In order to develop a good handling car, we want to develop maximum grip in all directions, with minimum drag. This will give us the fastest speeds through the corners. We will need to find the optimum tradeoff between straightaway and cornering speeds; on short, twisty roads or tracks, we'll be faster with a car that emphasizes good cornering, while on fast roads or tracks with long straights we'll go quicker with a car that sacrifices some cornering for straightaway speed.

We want the car's handling to be balanced; that is, when it reaches its limits of adhesion, we want both the front tires and the rear tires to begin to slide at the same time, at the same rate.
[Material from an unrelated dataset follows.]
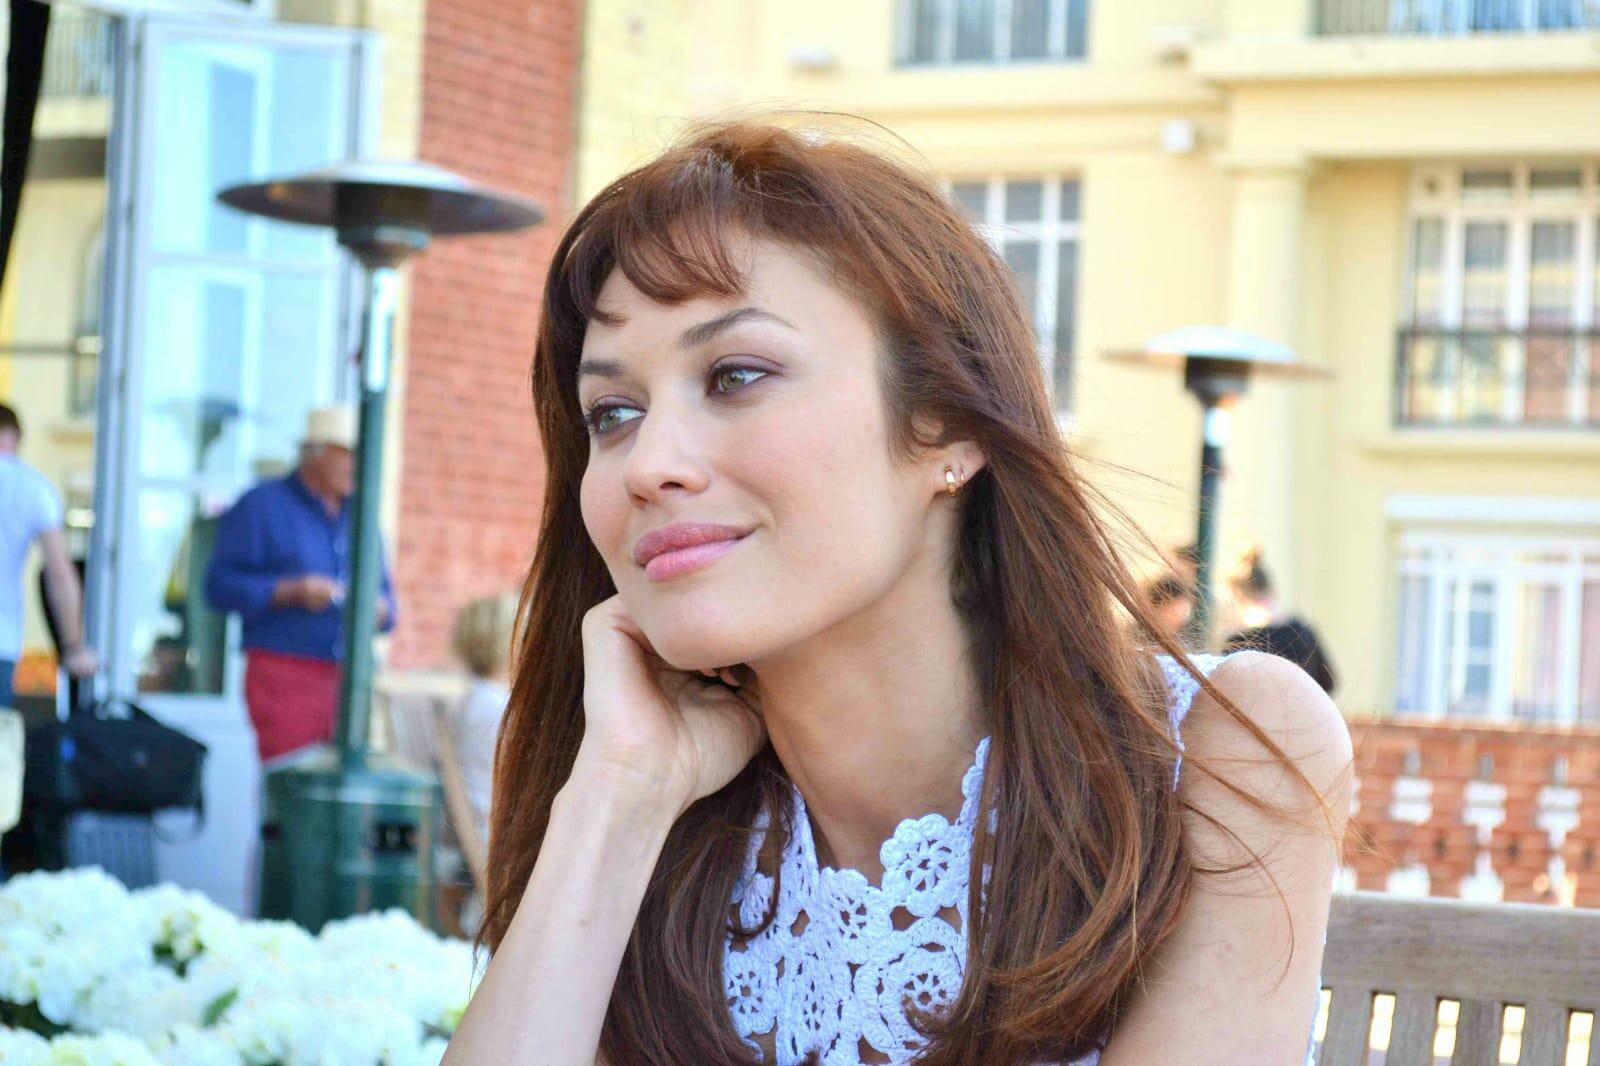 Miss Bobby_Olga_Kurylenko_Deauville 2014

If the car is not balanced, either the front tires will begin to slide first, and we'll slide straight off the road, or the rear tires will begin to slide first, and the car will spin.

We also want the car to be forgiving. That means that its behavior is predictable and consistent, and when it starts to slide, we want the slide to be progressive rather than sudden. We'd like it to begin to let go gently, with some warning, and get fairly deep into a slide before it becomes uncontrollable.

All of these things require tradeoffs. If we break down the many factors affecting cornering, braking, and traction into manageable parts, then the best place to start is with a well balanced car. If itís just a drag car then we want weight to the driven wheels for the best traction.

We could care less what the car weighs setting still.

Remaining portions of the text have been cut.